Il giovane, reo confesso, nel gennaio 2021 ha ucciso con un cordino d’arrampicata il padre Peter Neumair e la madre Laura Perselli, poi ha gettato i loro corpi nel fiume Adige e ha inscenato la loro scomparsa. Nell’aula del tribunale di Bolzano, in Corte d’Assise , è stato reso noto un particolare episodio avente come protagonista Benno Neumair. Il giovane, al momento ancora rinchiuso nella Casa Circondariale di Bolzano, lo scorso luglio ha litigato per futili motivi con il suo compagno di cella. A un certo punto, lo ha aggredito fisicamente e al culmine di una colluttazione, ha addirittura tentato di strangolarlo. In seguito al tempestivo intervento delle guardie carcerarie, la vicenda si è risolta senza grandi conseguenze per l’altro detenuto. Nei confronti di Benno, per decisione dell’amministrazione penitenziaria, vennero presi dei provvedimenti disciplinari .
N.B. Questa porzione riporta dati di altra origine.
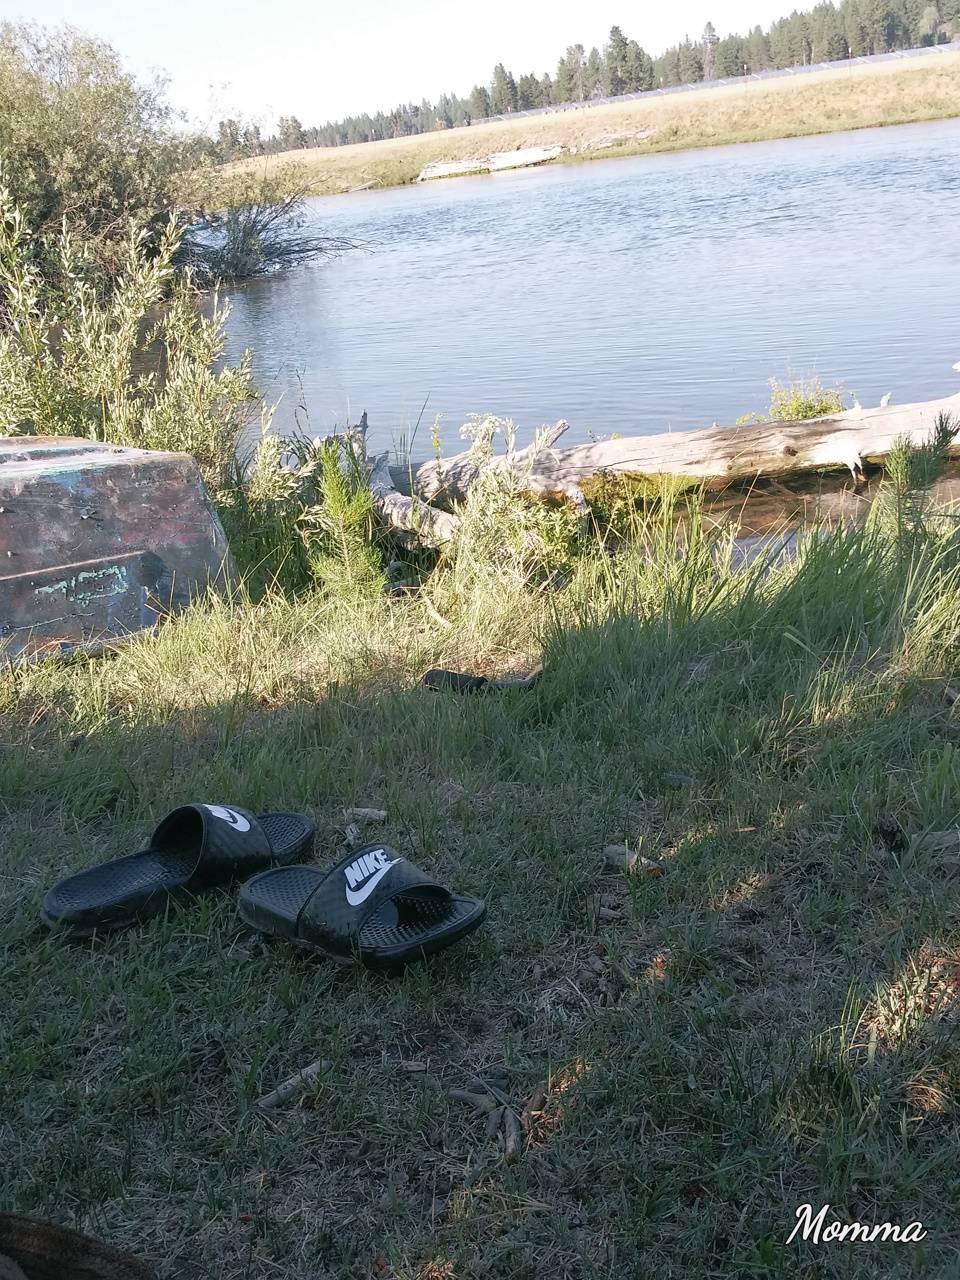 Shoes shoe

Nel corso dell’udienza è stata confermata in Benno Neumair la presenza di un disturbo della personalità e di tratti antisociali e narcisistici. Mostrando i risultati delle sue perizie, l’accusa ribadito che l’uomo il 4 gennaio 2021 era perfettamente in grado di intendere e di volere sia quando ha strangolato papà Peter, che quando ha ucciso mamma Laura. Le sue conclusioni contrasterebbero in parte con quelle ricavate dai periti incaricati dal Gip. Gli specialisti infatti, evidenziando una ridotta capacità di volere al momento del primo omicidio, avevano considerato l’imputato seminfermo di mente .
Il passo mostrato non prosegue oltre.